The result is an intriguing mix of social innovation and philanthropy, but one that lacks much coordination. Over the course of ten days in Karachi, we interviewed several of the city’s ambulance providers, each carving out its own niche according to its vision of social need. We saw tracking systems that made use of sophisticated GPS and mapping technologies. We saw fledgling partnerships between hospitals and ambulance providers to train a fleet of first responders and paramedics. We saw elaborately sketched out networks of key points and heard story after story of response times that bested international standards.

But it was clear that this unregulated mix of private providers was also taking a certain toll on the quality of emergency response throughout the city. As freestanding private entities each with their own call center and hotline, ambulance services in Karachi tend towards fragmentation – disconnected from one another as well as from other first responders, including fire departments and police. This lack of coordination means that there is no way to effectively triage patients at the site of an incident in order to connect the most critical patients to the ambulances with the most advanced life support. The lack of any centralized command and control also means that there is no systematic way to communicate with destination hospitals, to warn them of incoming patients or to effectively manage limited bed space across the city. And finally, there is no regulation over quality, and no way to ensure a minimum standard for patients in need of care en route to the hospital.

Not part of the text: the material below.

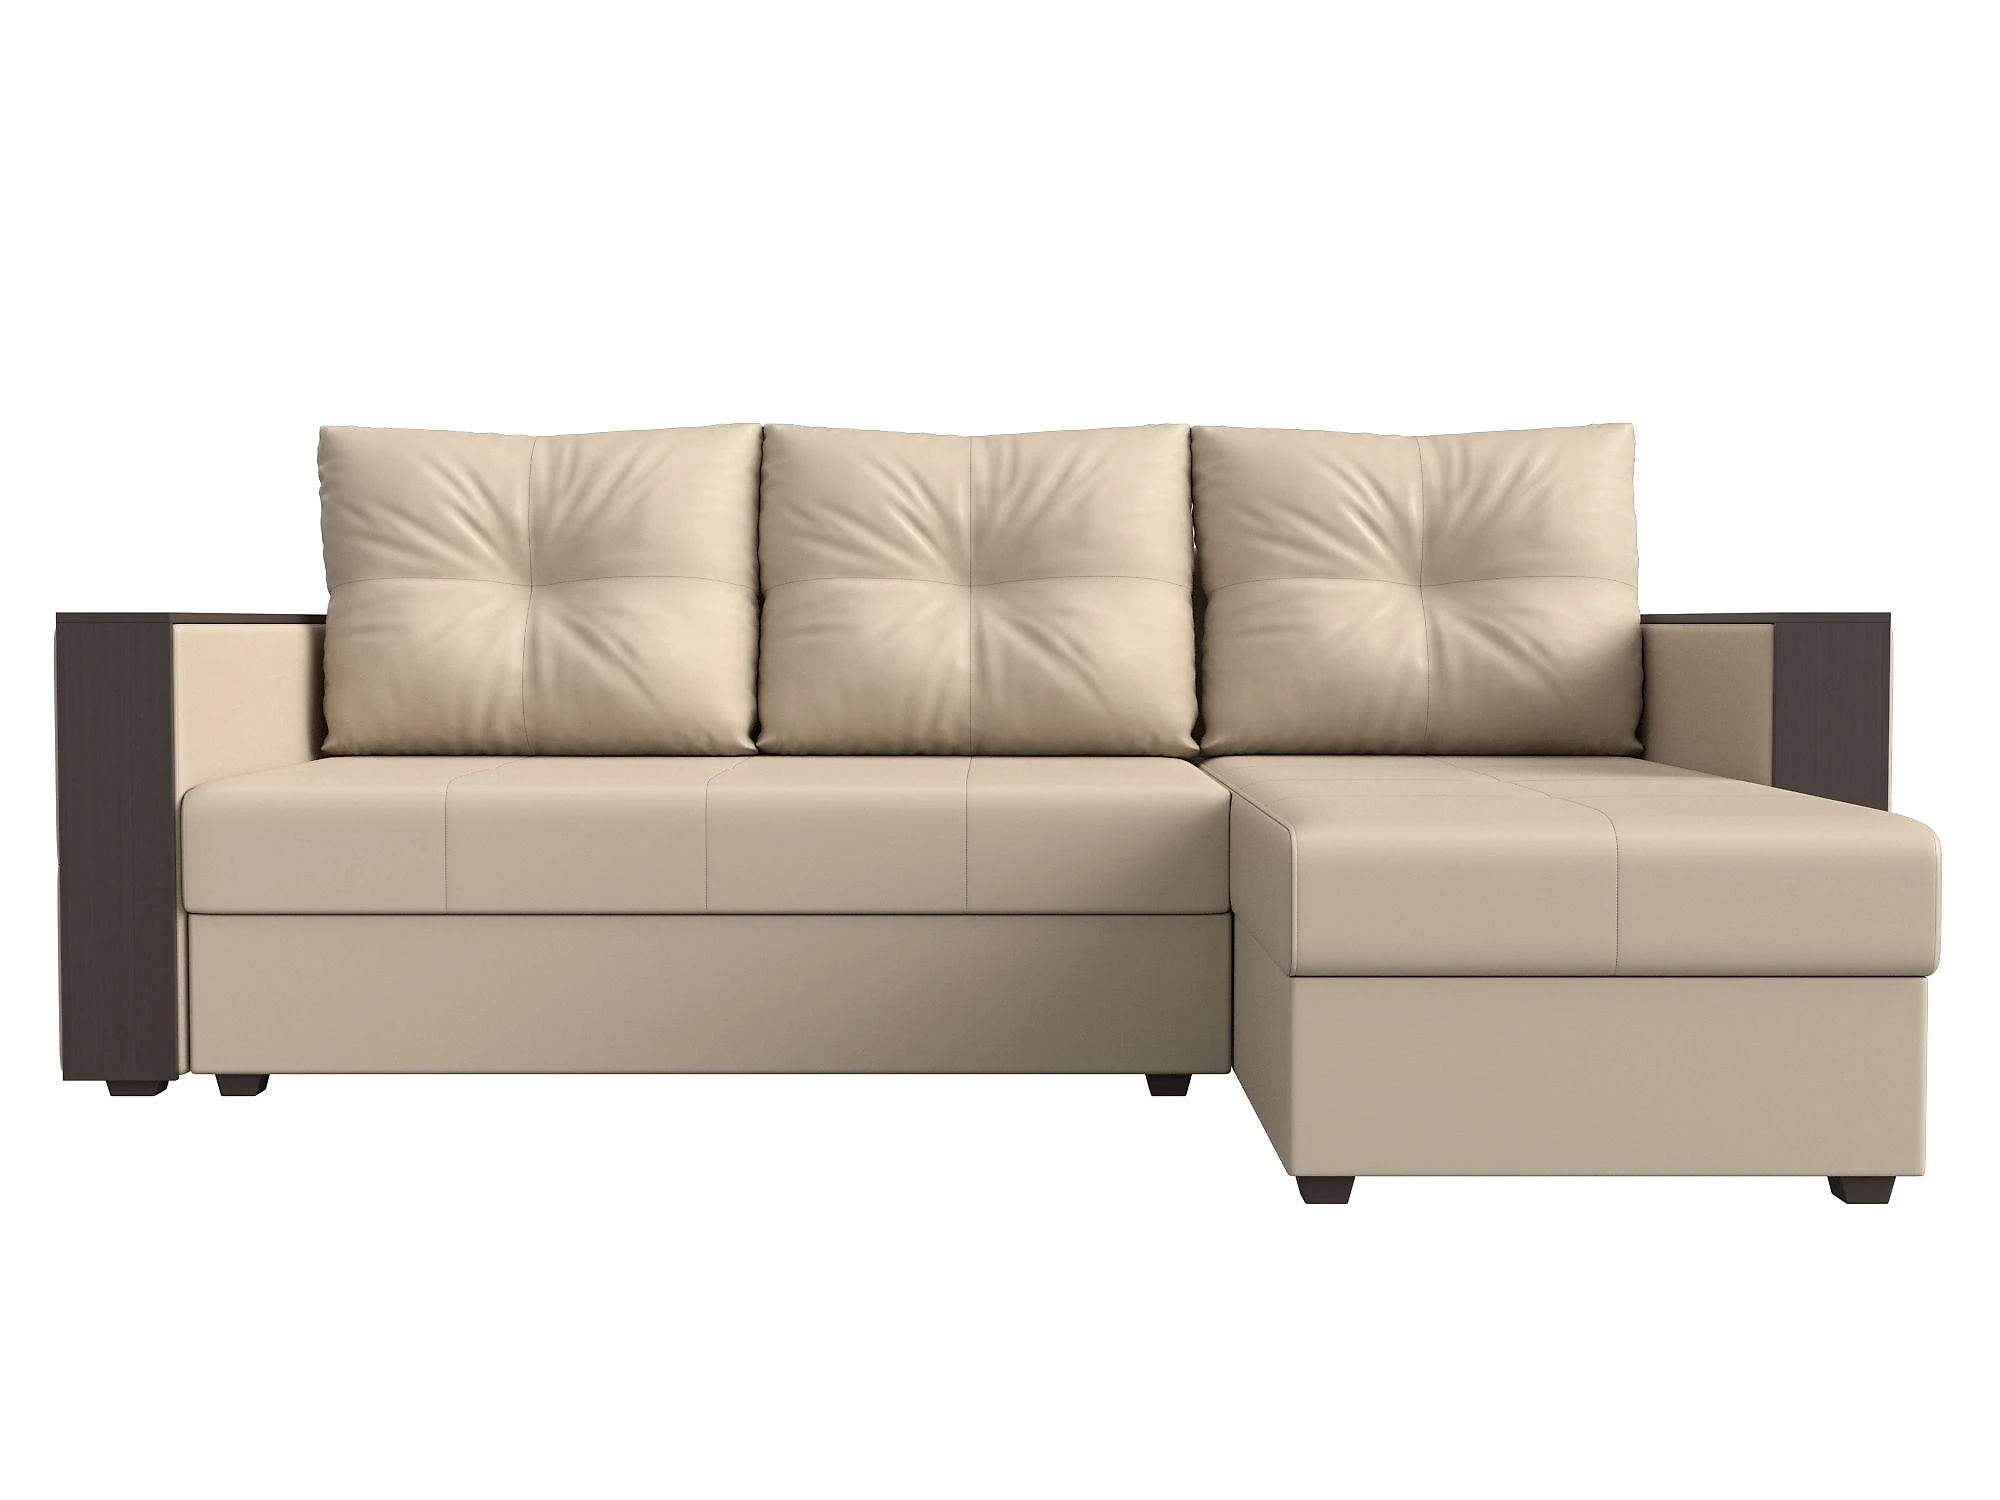 Односпальный угловой диван Валенсия Лайт Дизайн 12

Over the course of our short time in Karachi, many of our interviews yielded a similar refrain: the private foundations who have stepped in as medical first responders in the city are doing great work with limited resources, but they lack supporting infrastructure. And as more players enter the field, these coordination issues have only become more acute. All of which might lead us to reflect that of all the challenges facing emergency responders in Karachi, the ones that are the most tricky to solve don’t necessarily have to do with money or roads, but with a failure of political will to capture and capitalize on the work that is already being done. One has to wonder what kind of advocacy – or what kind of disaster – it would take to finally push this particular agenda forward.